# i got my betta!!!!



## zero (Mar 27, 2012)

hes not the crown tail like i wanted but heres how i came to own him.....i went to the pet shop yesterday to get some food for my lizards and i went on auto pilot to the fish section! i was on the phone to my boyfriend and was jsut gazing at the betta tanks....and there he was! hideing behind the ornament in his little old tank....hes so pretty!!!! hes black and when the light shines on his fins there a steel blue/grey colour and his pelvic fins have one red and one white band. hes a little tatty round the edges as he was kept on gravel but im sure he'll fix himself in no time as i have uber soft sand and glass pebbles. hes very shy, seems to be scared of his own shadow so i couldnt get a good picture of him, ive got one of him in the bag tho thats rubbish but ill up load anyway. once hes feeling more adventerous ill get some better pictures.


----------



## zero (Mar 27, 2012)




----------



## majerah1 (Oct 29, 2010)

Awww,so pretty!Congrats,he will enjoy his home!


----------



## zero (Mar 27, 2012)

do you know he inadvertently saved one of my danios life too! i done a water change and ended up with one less danio, i assumed he got sucked up the siphon when i couldnt find him anywhere and was pretty annoyed i didnt take the time to check i hadnt sucked up a fish! anyway when i got my betta home he was hanging around the filter and looked like he got his fin stuck on the top so looked round the side of the tank to make sure and there was my lost danio squashed vertically in-between the glass and filter!!!!! i really have no idea how he got there as i didnt move the filter at all!!!


----------



## majerah1 (Oct 29, 2010)

LOL,nice!


----------



## zero (Mar 27, 2012)

i was looking at him in more detail yesterday and it seems his tail is split. id say around 1/4 of the top of his tail is seperate from the rest, could this be hes torn it or is he some sort of Double Tail gone wrong? ive not seen him flare completley yet as he still runs and hides from when when i go up to the tank!

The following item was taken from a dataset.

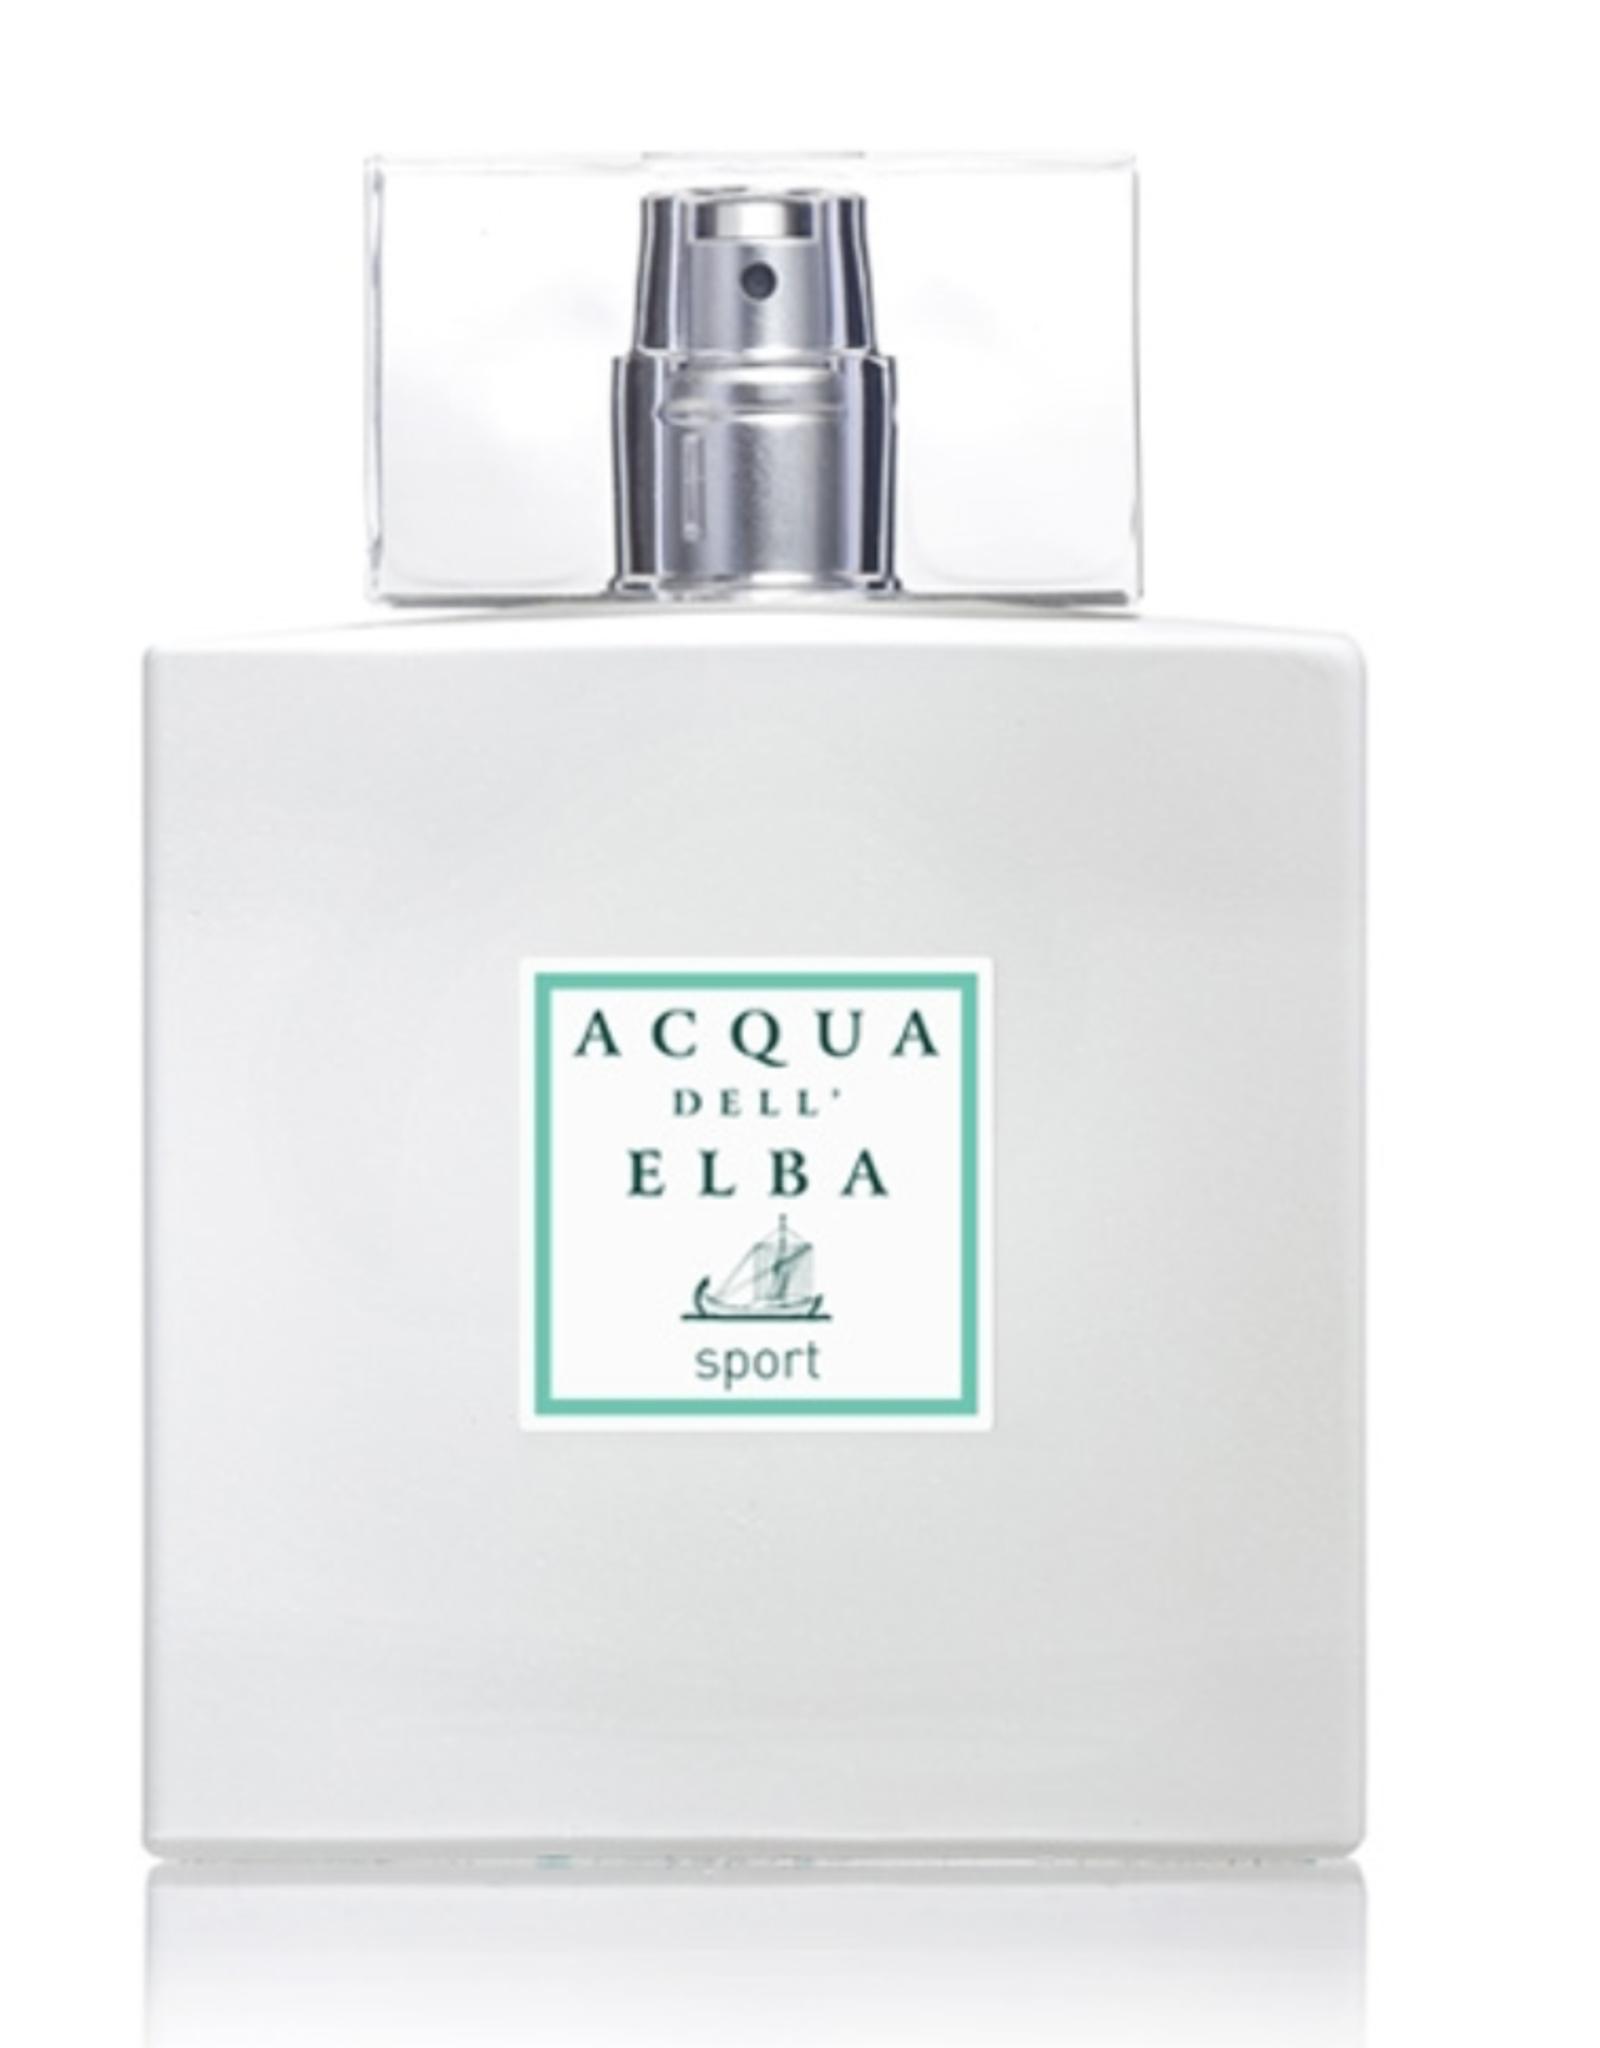 Acqua Dell Elba Acqua Dell' Elba Sport Eau de Parfum 50ML

hes some bad pics of him. not sure why the tail looks so blue, might be the flash, but its grey like i said, with black dots.


----------



## zero (Mar 27, 2012)




----------



## snail (Aug 6, 2010)

Thanks for sharing the pics, he is pretty. I'm not sure about the tail but bev can probably tell you


----------



## jasonmk1j (Jun 19, 2012)

He's nice, I nearly brought a really nice Crowntail today that seemed to be talking to me, I had to resist, I dont even have a tank for it, wish they'd get along, but then I guess they wouldn't be quite so special

I'd bet your filter intake did that to his tail, mine kept getting stuck and suffered the same damage, its them panicking when they start getting sucked in and tugging away quickly that does the damage I think.

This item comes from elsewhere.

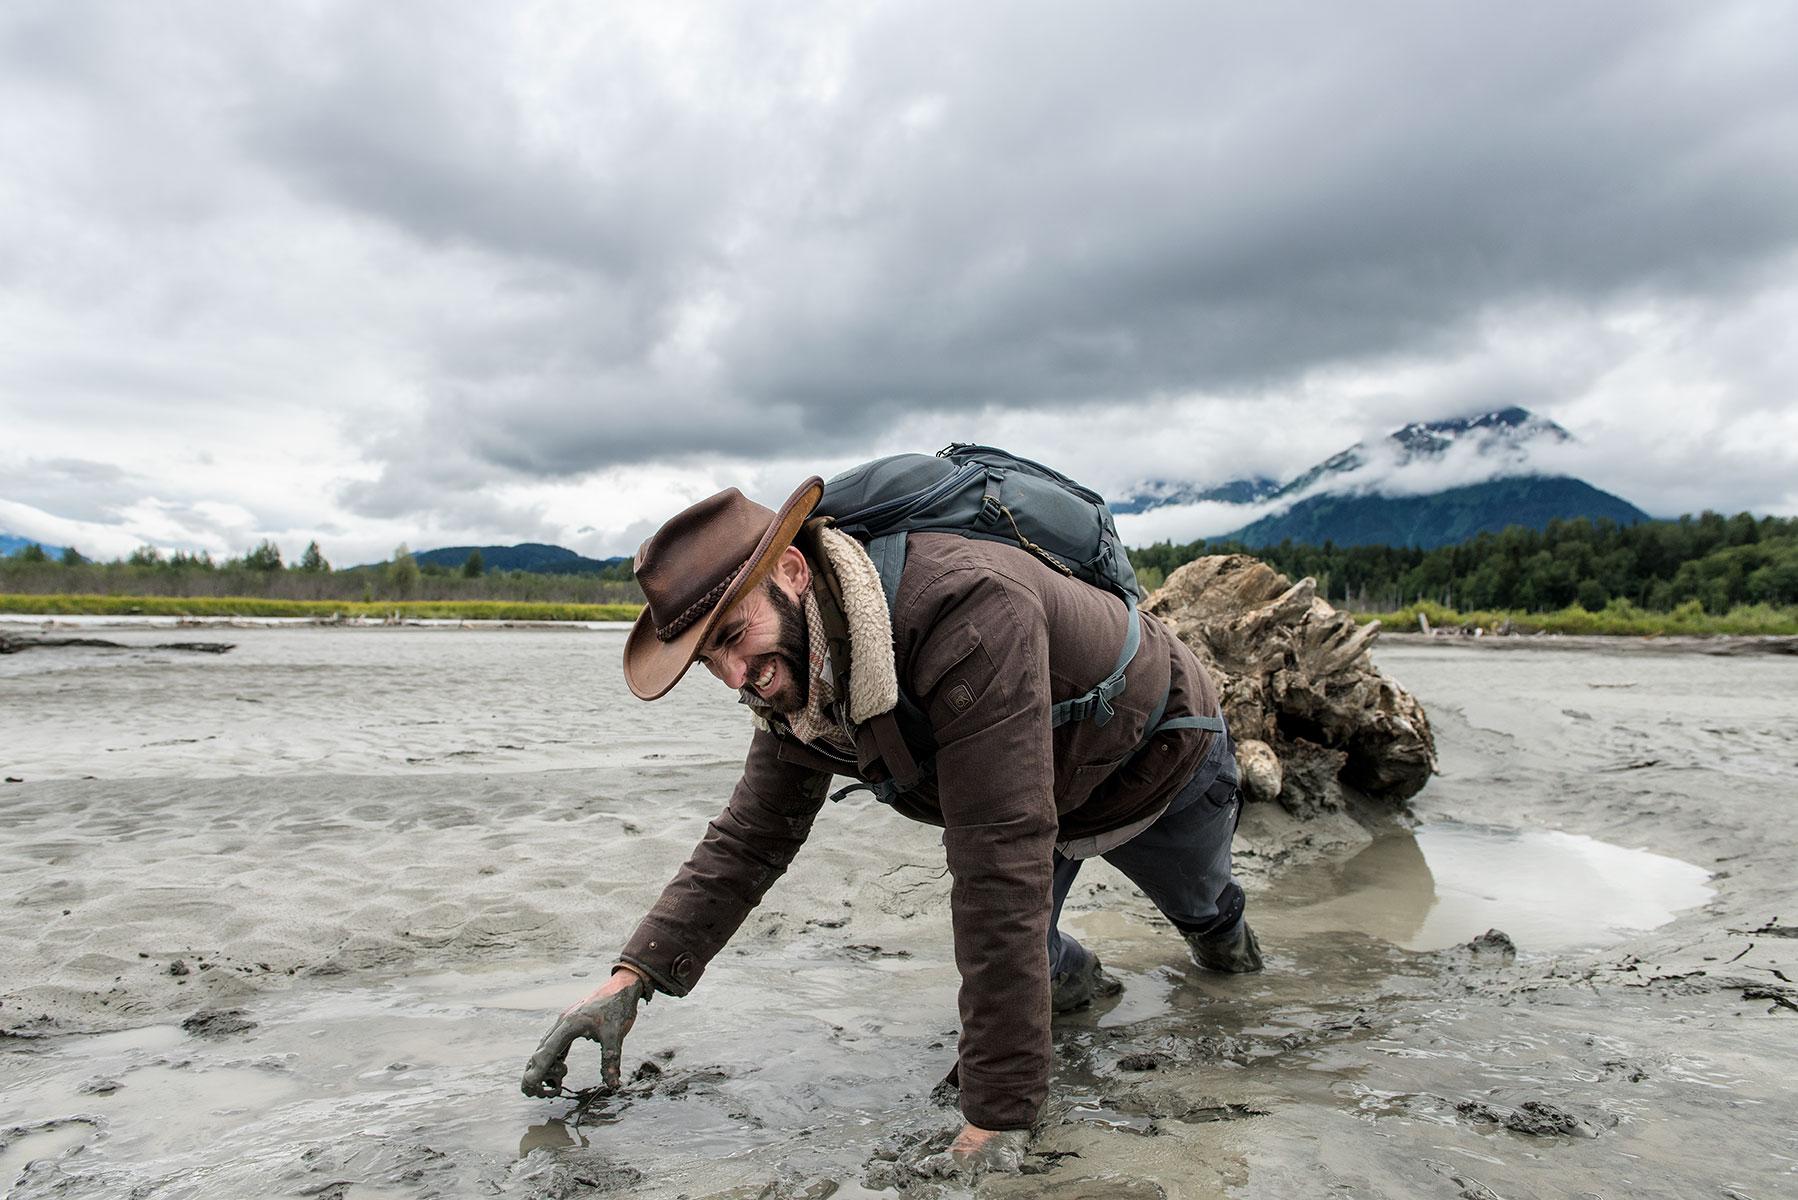 austin-trigg-brave-wilderness-alaska-BW-Coyote-Stuck-in-Mud.jpg

I made a cage around my inlet by bending up a net to keep him out of range, theres still enough current to hold him and he rests there often, but getting away is nice and easy for him now.


----------



## zero (Mar 27, 2012)

Thanks  when I got him his fins were all bashed up. They had him on gravel n what looked like a sharp cave. I had my heart set on a crown tail but this guy talked to me too! I justcouldnt leave the shop with out him!


----------